Shitty Movie Sundays All-Star Wings Hauser has one of the best 1980s action flick character introductions in Deadly Force, from 1983. Viewers first see him on the gritty streets of New York City, playing a game best described as ‘rat roulette.’ Next, he’s drunkenly tickling piano keys in a bar, not without some competence. Then he’s a passenger in a speeding cab driven by none other than Estelle Getty. Finally, with complete disregard for his personal safety, he talks a distraught suicide bomber out of blowing up himself and everyone around him. And he does all of this before he hops on a plane to Los Angeles, called west by an old friend, Sam (Al Ruscio), whose granddaughter has fallen victim to a serial killer.
Houser plays Stoney Cooper, a former LAPD detective tossed off of the force some time back. He didn’t just leave his job behind when he fled to New York. He also left behind a hostile police force, a wife, Eddie (Joyce Ingalls), and an unhappy gangster in Ashley Maynard (Arlen Dean Snyder), who would like nothing more than to see Stoney’s head on a spike. Stoney didn’t want to return to Los Angeles, at least at that moment, but the local detectives weren’t making headway on the killings.

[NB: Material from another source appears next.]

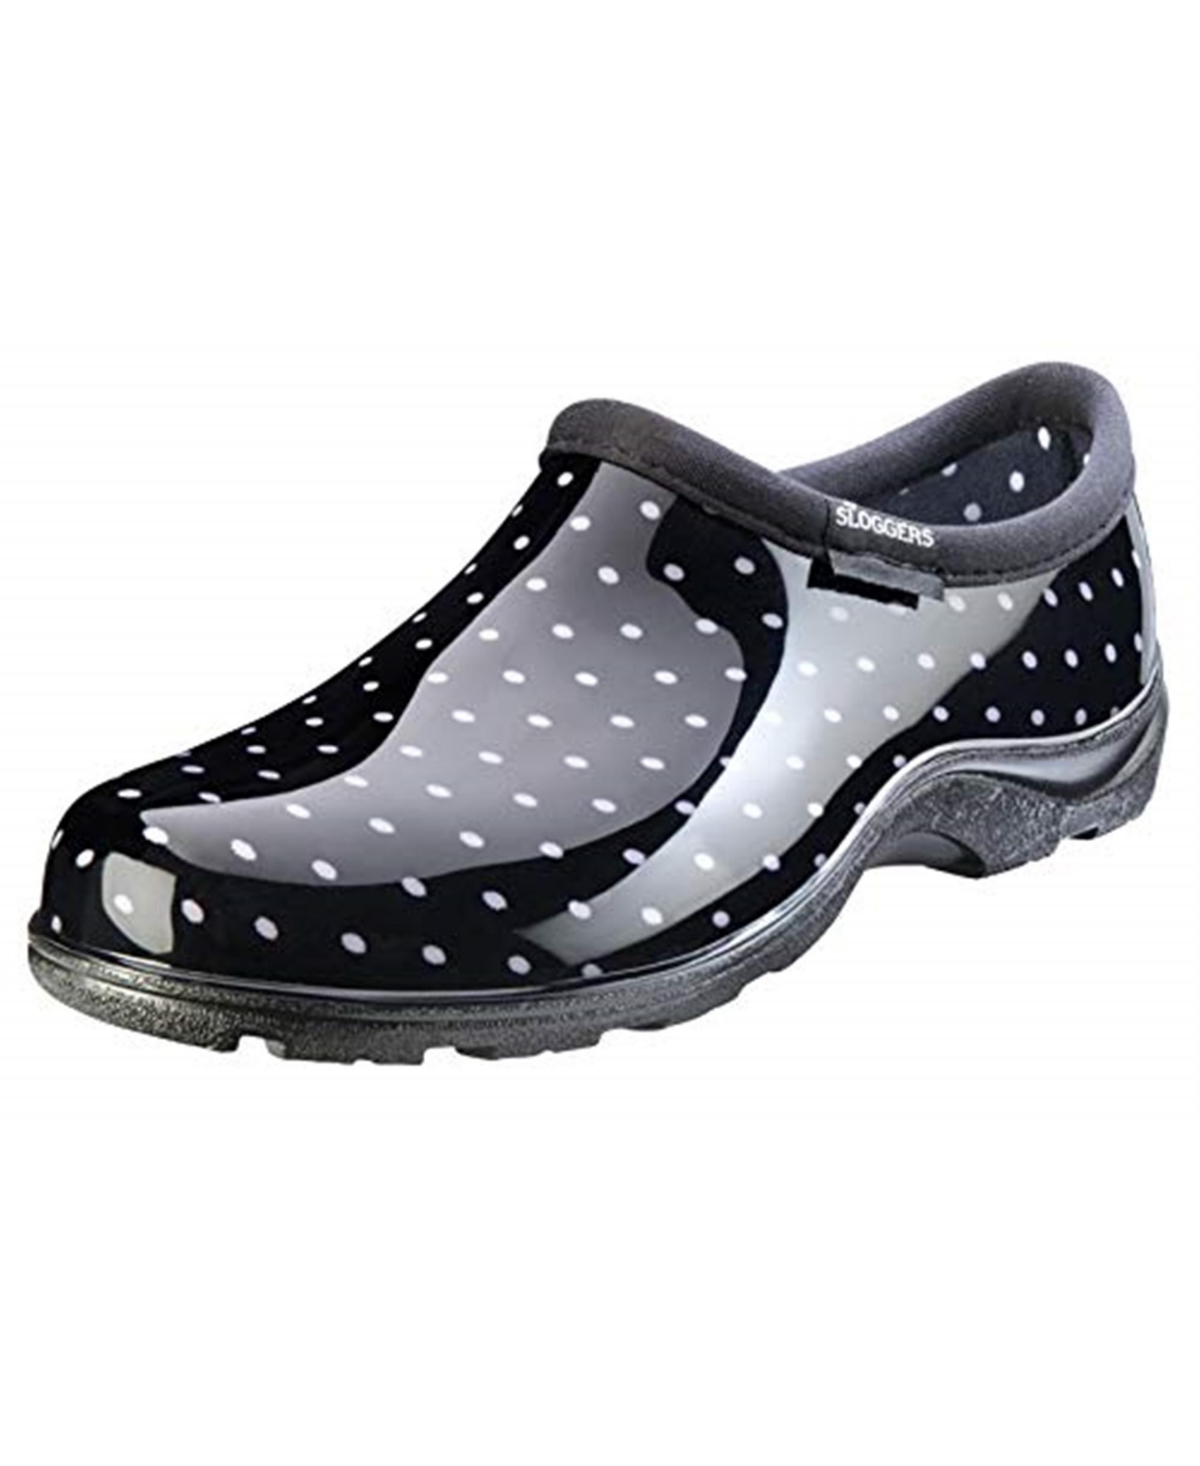 Sloggers Womens Rain And Garden Shoes, Black And White Polka-dots, Size 8 In Multi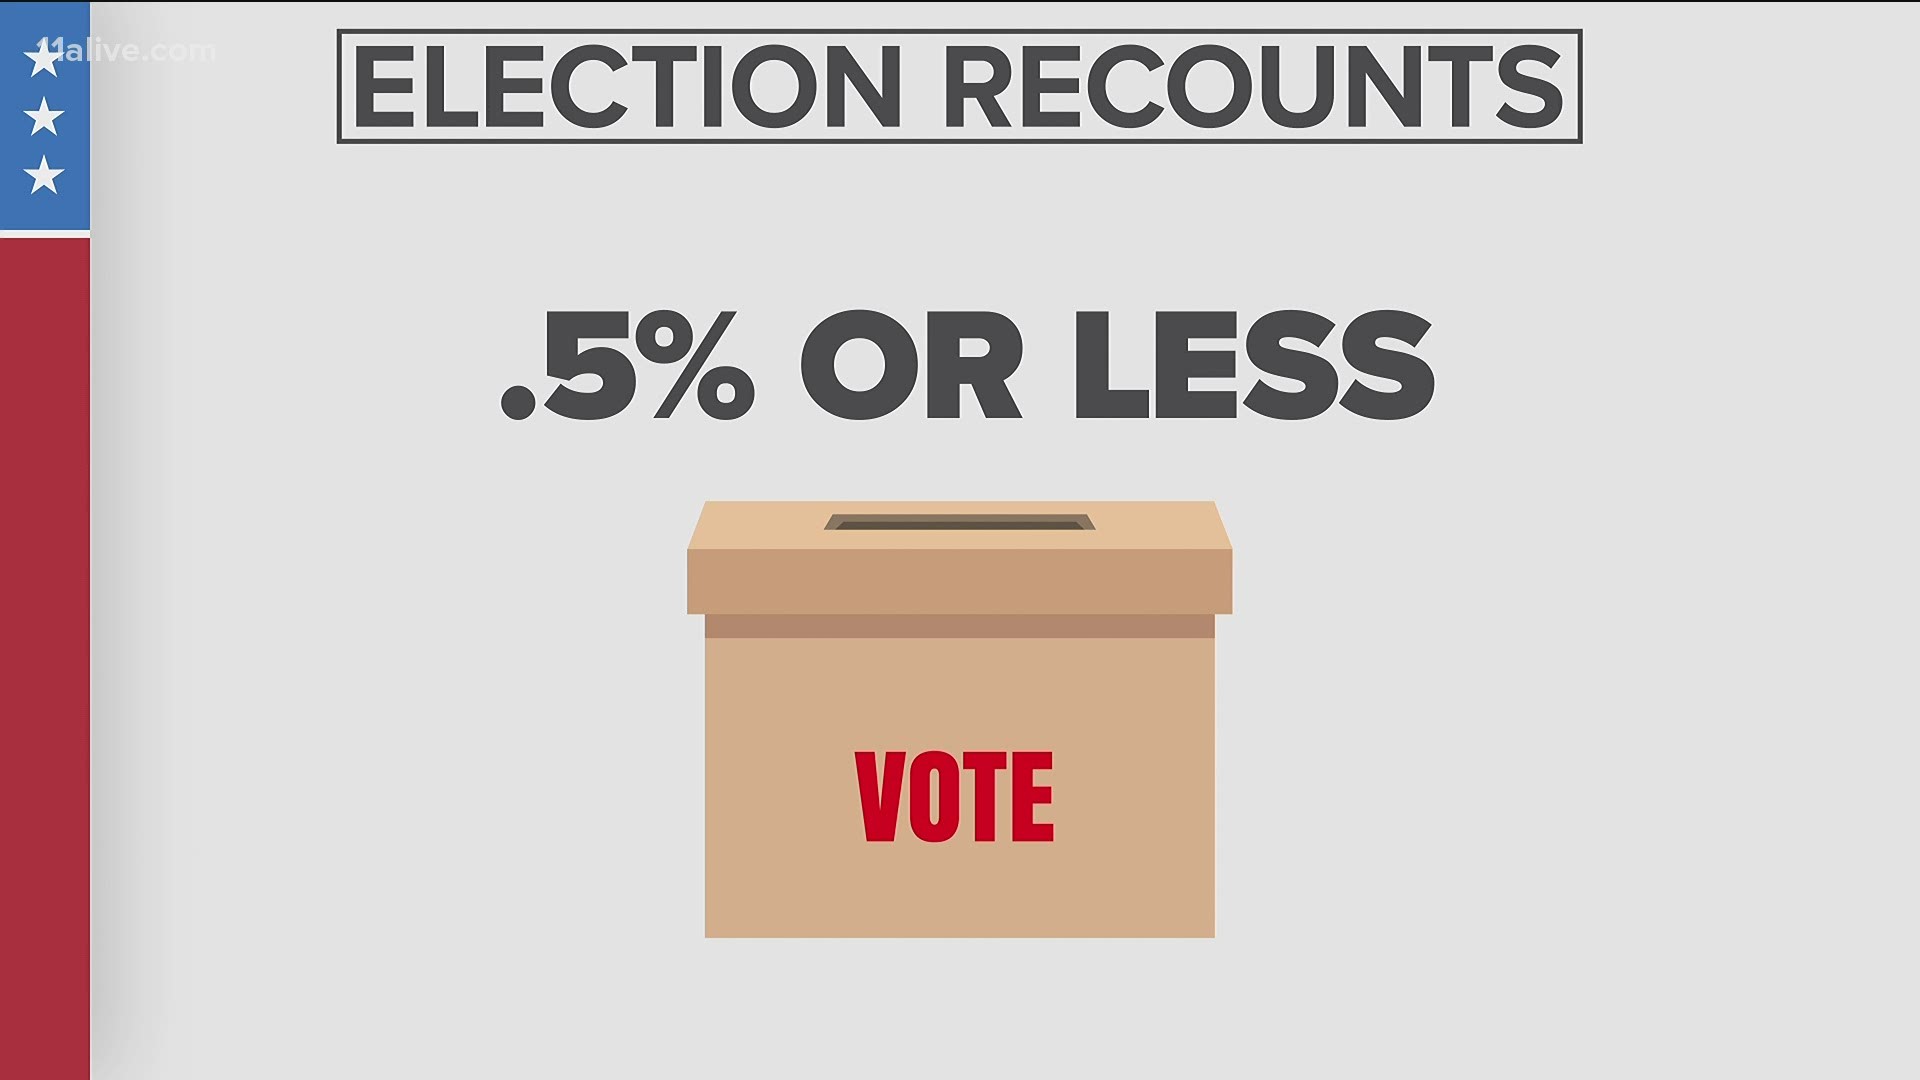 Under Georgia law, a state race is eligible for a recount if the margin between the two candidates is less than 0.5%.

Stoney, with Sam in tow, works the town. He rousts old informants, visits dive bars and slum businesses. He pulls whatever favors are still owed him. Meanwhile, the killer, played by Hollywood stunt man Bud Ekins, continues to pile up bodies. The killings seem random, but within all the noise Stoney finds a tenuous connection to Soledad State Prison, and the case begins to come together.
Meanwhile Eddie, a TV news reporter, is working on a story involving a self-help guru named Joshua Adams (Paul Shaner). Adams is one of those slimy characters that an audience knows is trouble from their first frame on screen, but who charms and cajoles every character
they meet. Just his presence in this movie telegraphs involvement with the killer. There is a conspiracy of some sort afoot, and Stoney has to figure it out before he, and his wife, are killed.
This movie is pretty straightforward neo-noir fare. The plot could have been used in crime flicks from the 1930s up until today. The formula was figured out long ago. This is a film of its time, though. As much as fans of noir can pick out this flick’s influences, fans of ’80s thriller and action flicks will also notice much shared DNA with more polished and refined contemporary films.
The title is very 1980s. Deadly Force. It’s short and to the point, and is the kind of film in which one would expect to see Chuck Norris or Steven Seagal. Other than the serial killer, though, there is not much deadly force to be had in this flick until the final act. Most of the trouble Stoney gets himself into is the fisted variety. When he’s not beating up on punks and thugs, he’s getting beaten. That subplot with gangster Ashley Maynard is responsible for most of the action fodder until denouement, but once it becomes time to resolve the main plot, the subplot is tossed away with a car chase. See, the killer is sneaky and unknown to Stoney, and that just isn’t good for an action flick, so Maynard and his henchmen had to carry the load until the main plot was ready for true shenanigans.
Since there is so much that is familiar within the plot, this film becomes a character study of Stoney, care of Wings Hauser. If one is fine with dysfunctional detective clichés and Hauser’s native snark, that’s just fine. But this film does live and die on Hauser’s personality, and he is not for everyone. He plays Stoney as an oaf, an orangutan, a more handsome Jeremy Clarkson, who takes in the world around him and crushes it into his own worldview, regardless of reality. And it works for Stoney because no matter the trouble he gets himself into, he always comes out ahead.
Fans of Wings Hauser, rejoice. This is a fine example of his work. Fans of shitty ’80s action flicks, rejoice, although with less fanfare. It’s all very rote, but still fun. Deadly Force slots into the Watchability Index at #164, taking over from Grizzly.